A particularly impressive feature of this production is the choreography of Nathan Rutups, who clearly understands that there is more to choreographing contemporary musicals than inventing clever dance steps.
For this production Rutups has created a dreamlike movement vocabulary for his cast of predominantly non-dancers who all participate in elegant scene changes in which furniture swirls around the stage and mysterious figures suddenly flit through Chris Zuber’s quite beautiful abstract setting, enhanced as it is by the atmospheric lighting design achieved by Craig Muller and Grant Pegg .
Equally impressive is the musical direction of Caleb Campbell who, from his keyboard, confidently guided his orchestra and cast through the complexities of the Pasek and Paul score achieving, with the assistance of James McPherson’s sensitive sound design, an excellent balance between the singers and his excellent on-stage orchestra.
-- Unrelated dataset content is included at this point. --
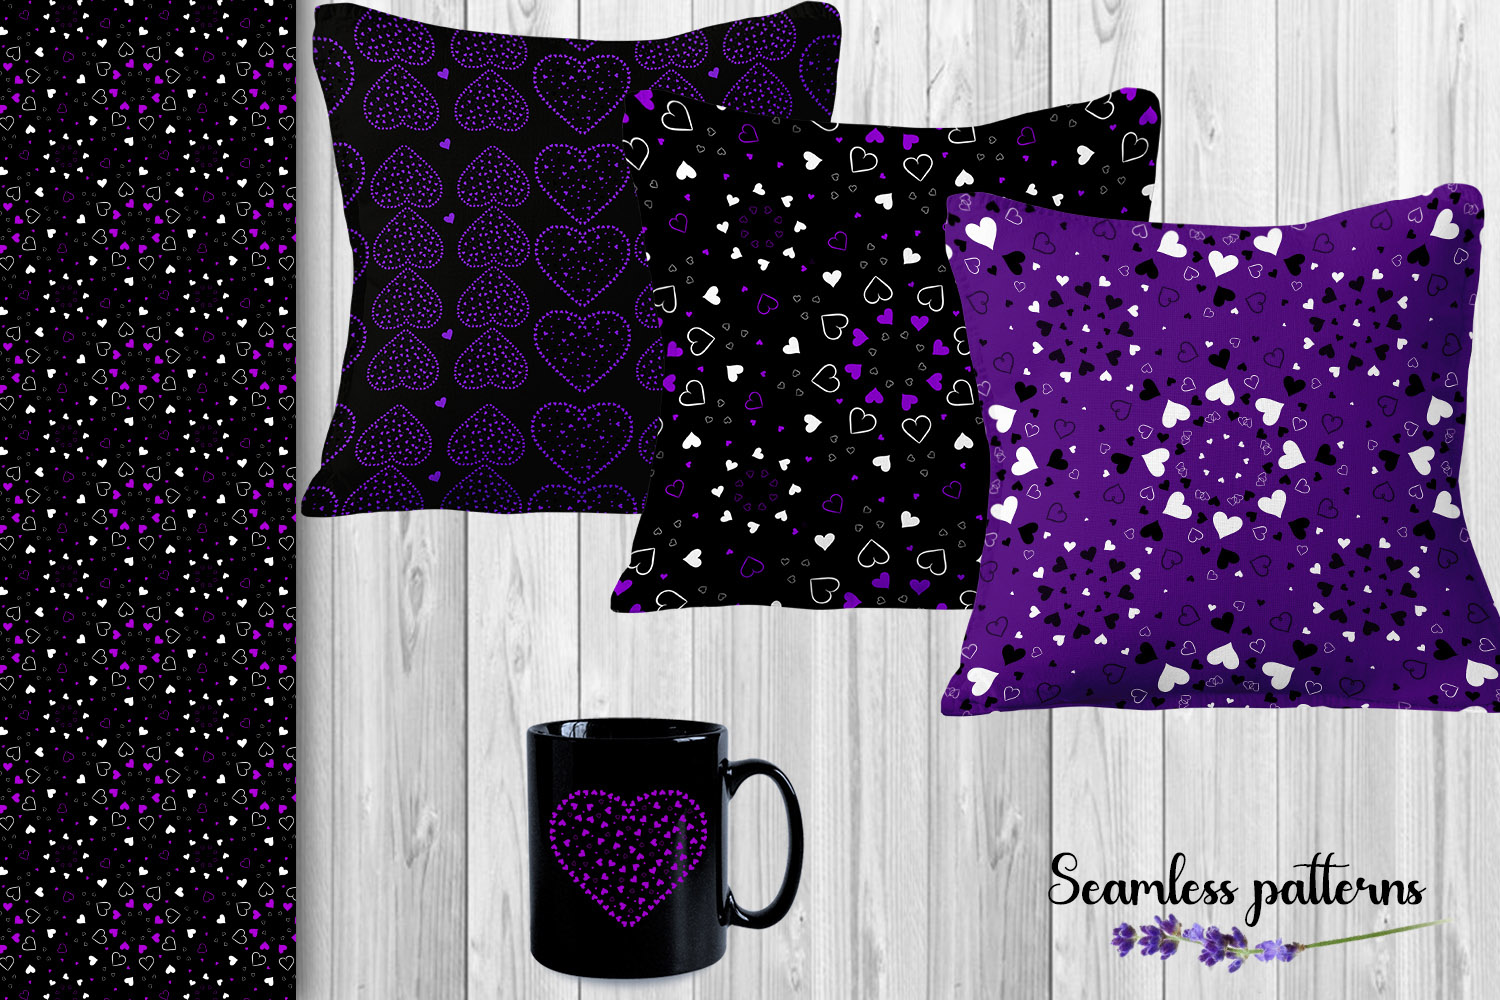 Dark pillows with small hearts shapes.

“Dogfight” is the latest in a long line of impressive productions presented by Richard Block with his Dramatic Productions, which he created specifically to present musicals in the Gungahlin Theatre. This production of “Dogfight”, with its superb combination of polished direction, musical direction, choreography, excellent set and costume design supported with superb sound and lighting design, is a production that would grace any professional stage and, as such, despite its comparatively brief season, is one not to be missed by anyone with even a passing interest in the art of musical theatre.